• RECORDED INFORMATION:
━━━━━━
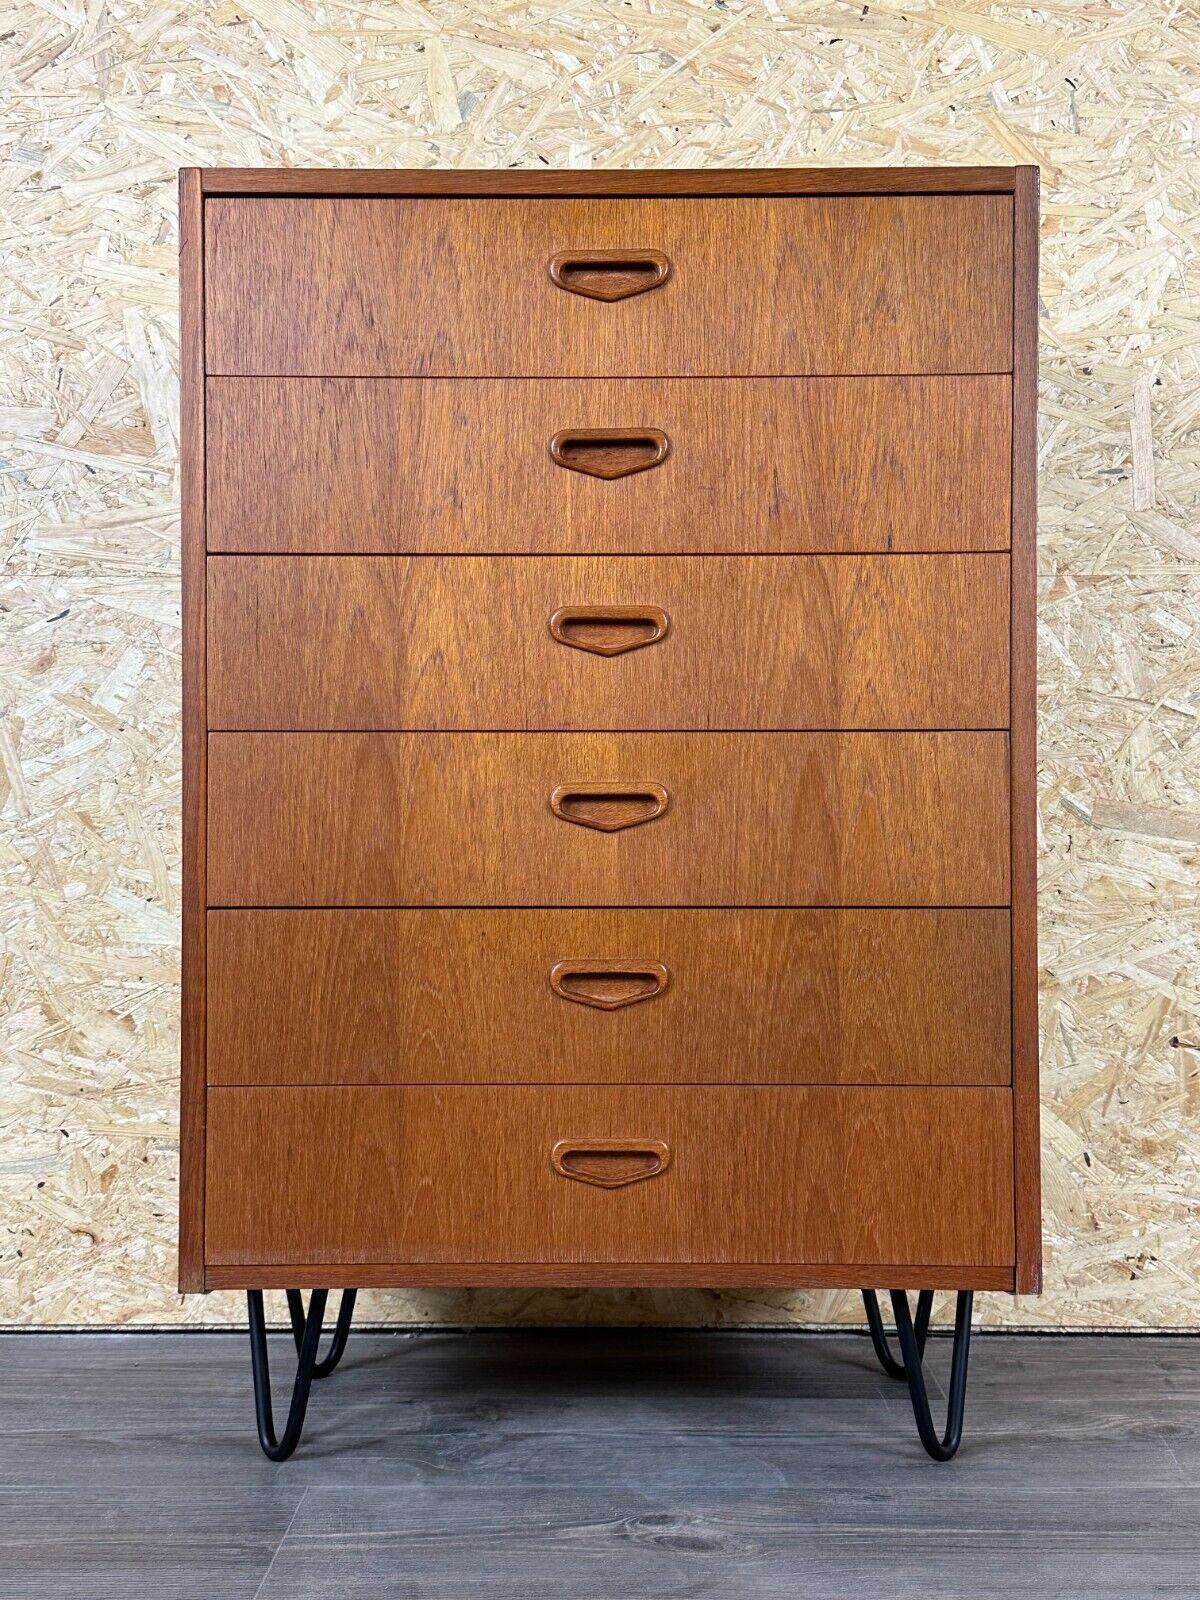 60s cabinet
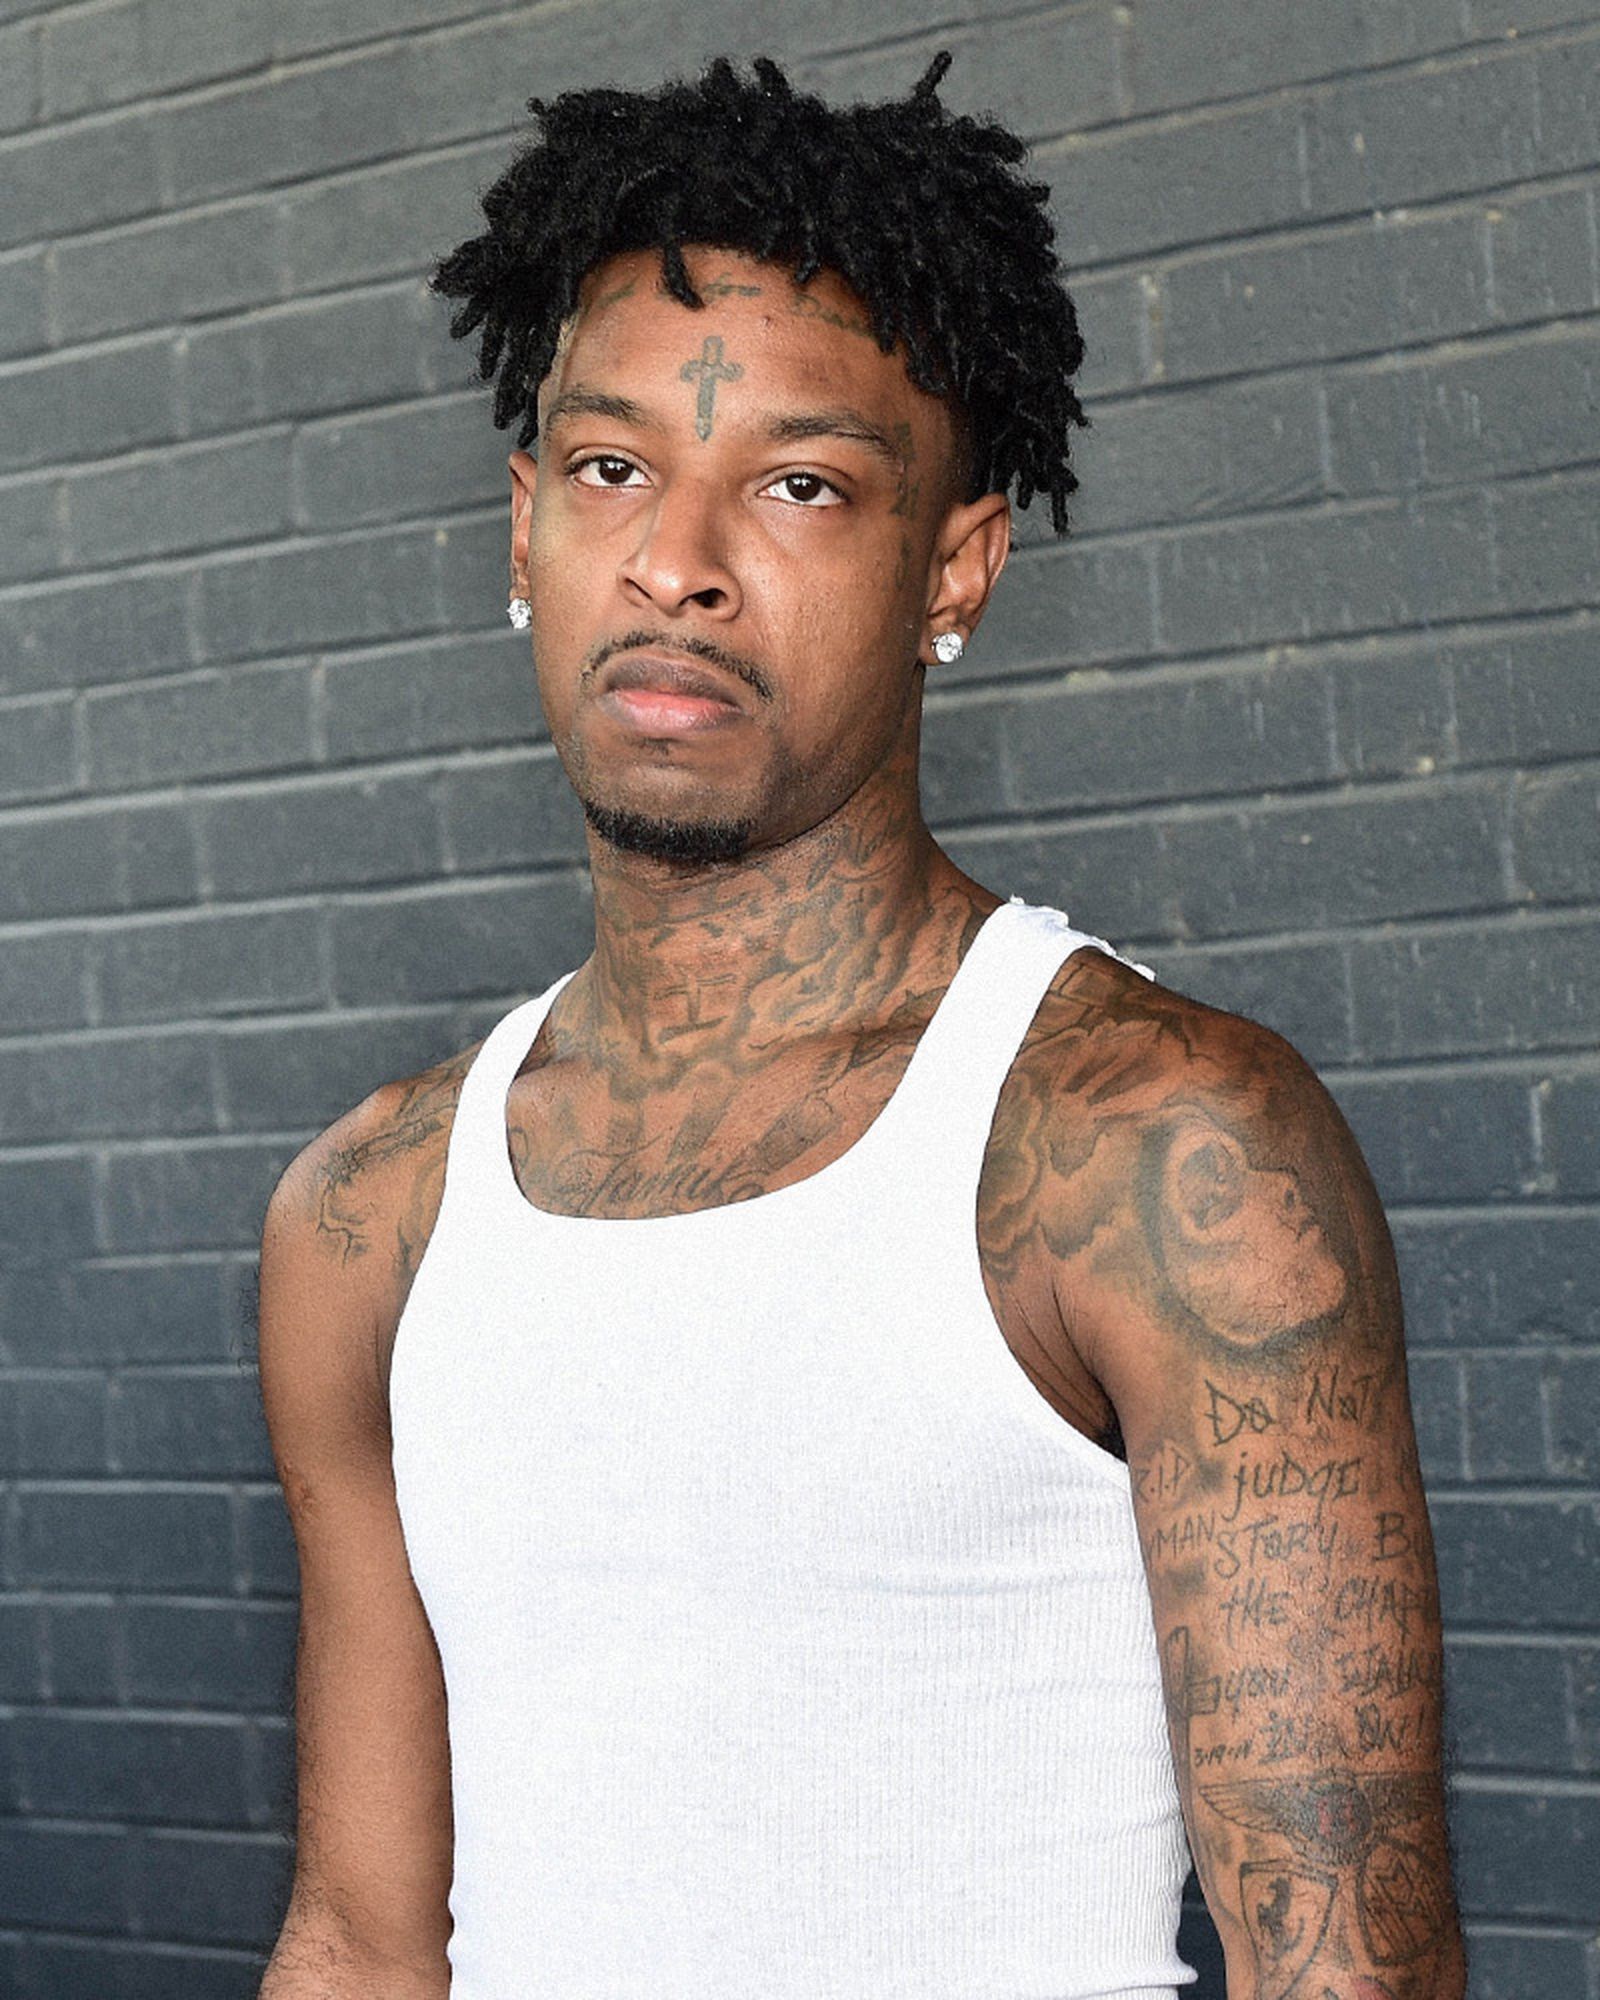 tattoos of rappers 21 Savage 50 cent Gucci Mane
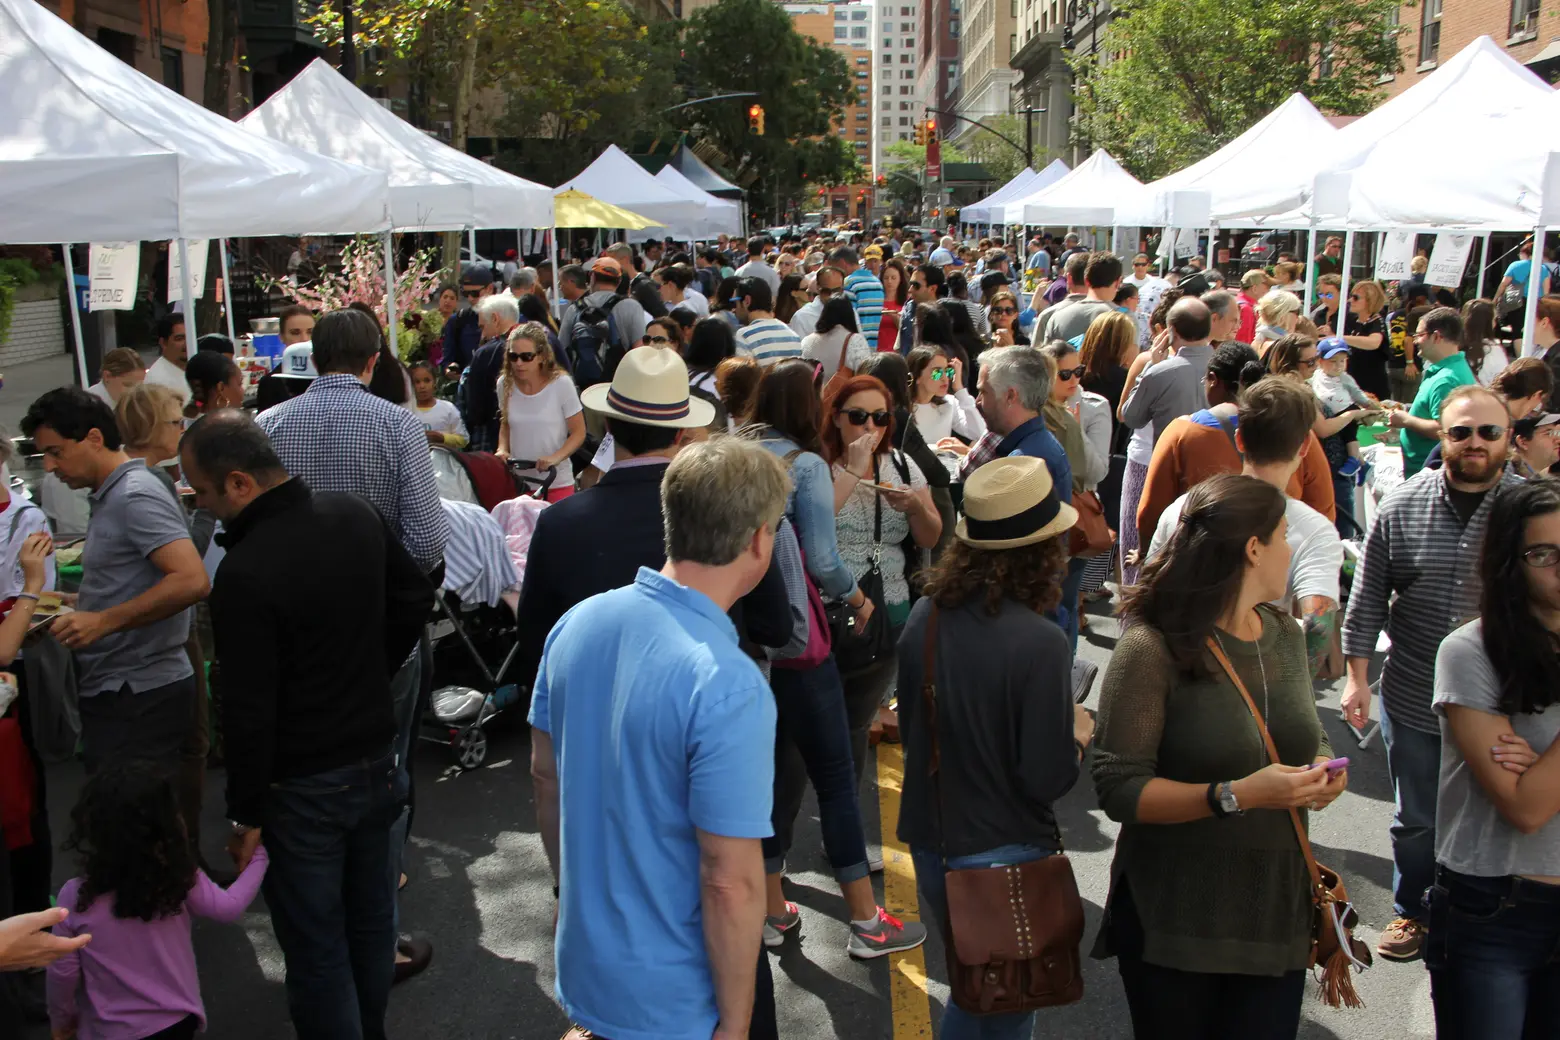 Eat your way into Fall at one of these upcoming food festivals
━━━━━━
• WHAT IS NEEDED:
Without the pictures, write out the whole listing above exactly as it appears.

• THE COMPLETED TASK:
 60s cabinet
 tattoos of rappers 21 Savage 50 cent Gucci Mane
 Eat your way into Fall at one of these upcoming food festivals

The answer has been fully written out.